Nightfall brings together an assemblage of smart contracts, microservices, and the ZoKrates zk-snark toolkit, enabling the transaction of standard ERC-20 and ERC-721 tokens on the Ethereum blockchain with complete privacy. Even though it's an evolving solution, EY hopes sharing their research will facilitate the acceptance of public blockchains.
Why is EY's extensive team of blockchain experts so confident that Nightfall could revolutionize the sector? The technology offers large enterprises both the privacy they crave and the transparency regulators require, particularly benefiting those aiming to integrate Ethereum, as articulated in EY's announcement last month.
As clarified by EY, enterprises can maintain comprehensive traceability and audit history for oversight purposes, without disclosing sensitive transaction data.
Paul Brody, who heads up blockchain innovation globally for EY, confirmed that Nightfall will soon be integrated into two of EY's proprietary platforms: the EY Blockchain Analyzer, designed for auditing and taxes, and EY OpsChain, which supports businesses in tokenizing their operations.

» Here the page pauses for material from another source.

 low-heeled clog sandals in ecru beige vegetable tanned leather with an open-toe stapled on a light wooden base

With EY's decision to place Nightfall in the public domain, innovators worldwide are given the green light to alter the tool's source code to fit their needs. It's expected that various projects will spring up, leveraging or expanding Nightfall due to its open and flexible nature.
Nightfall is most likely just the beginning for EY, as they appear ready to come forward with additional blockchain solutions, given their ever-expanding role in the cryptoeconomy.

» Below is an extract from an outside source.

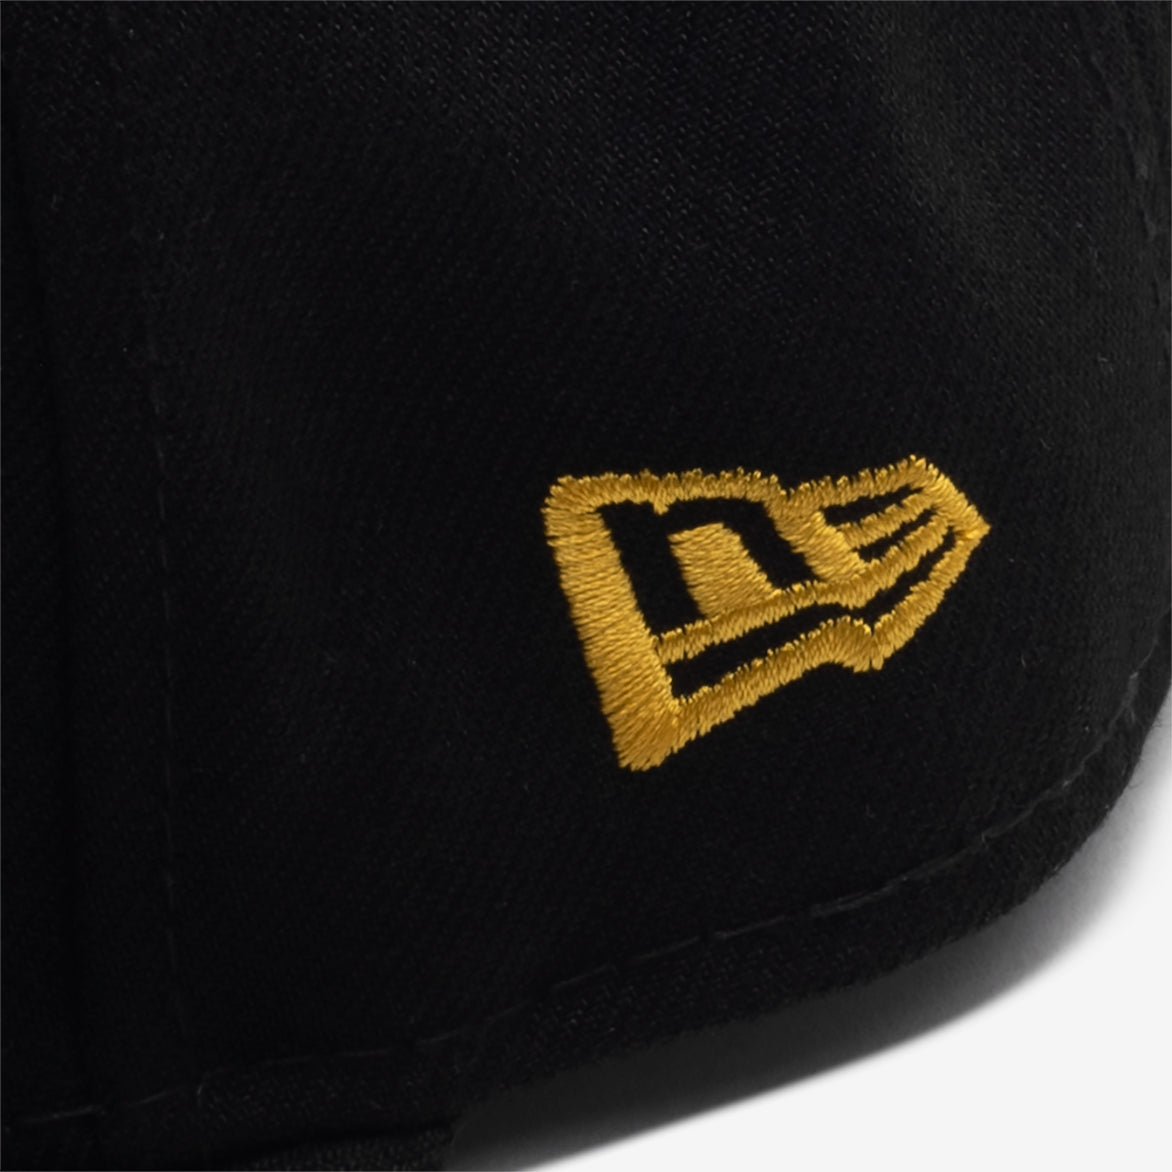 JUST DON X NEW ERA NBA 59FIFTY FITTED "LAKERS" - BLACK

JP Morgan Unveils Its Own Privacy Platform, Anonymous Zether
EY stands among the major players introducing new cryptocurrency privacy mechanisms.
This week, the prominent financial institution JP Morgan made public its Anonymous Zether tool —an in-house adaptation of Zether, another privacy tool based on ZKP integrating advanced privacy features for systems like Ethereum and Stellar.

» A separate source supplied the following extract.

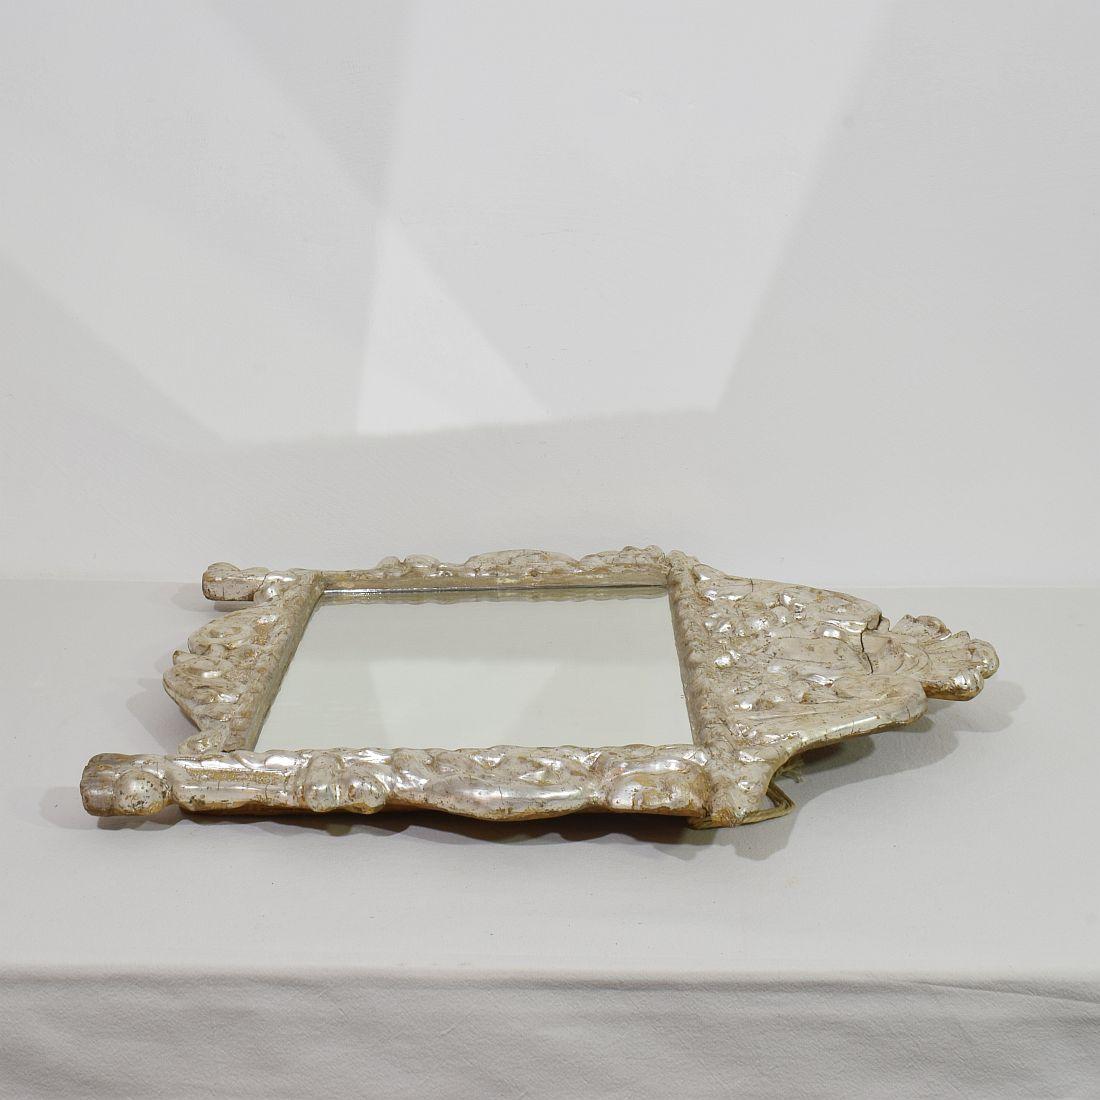 Italian 17th/ 18th Century Baroque Carved Wooden Silverleaf Mirror With Angels For Sale 10

Zether itself first made waves back in February. The innovation with Anonymous Zether allows for a more comprehensive privacy strategy by concealing both participant identities and transaction specifics.
Underpinning both Zether and its offshoot Anonymous Zether is smart contract technology, particularly the Zether Smart Contract (ZSC). For instance, users can convert their ether (ETH) into ZTH via the ZSC to achieve complete anonymity over their holdings.
With banking juggernauts like EY and JP Morgan diving into the blockchain privacy sphere, the backing for enhancing privacy on public blockchains is receiving substantial support from notable industry leaders. This backing can play a pivotal role in unlocking the promises offered by blockchain technology for large-scale institutions.
The next fascinating development is: what are JP Morgan and EY going to venture into next?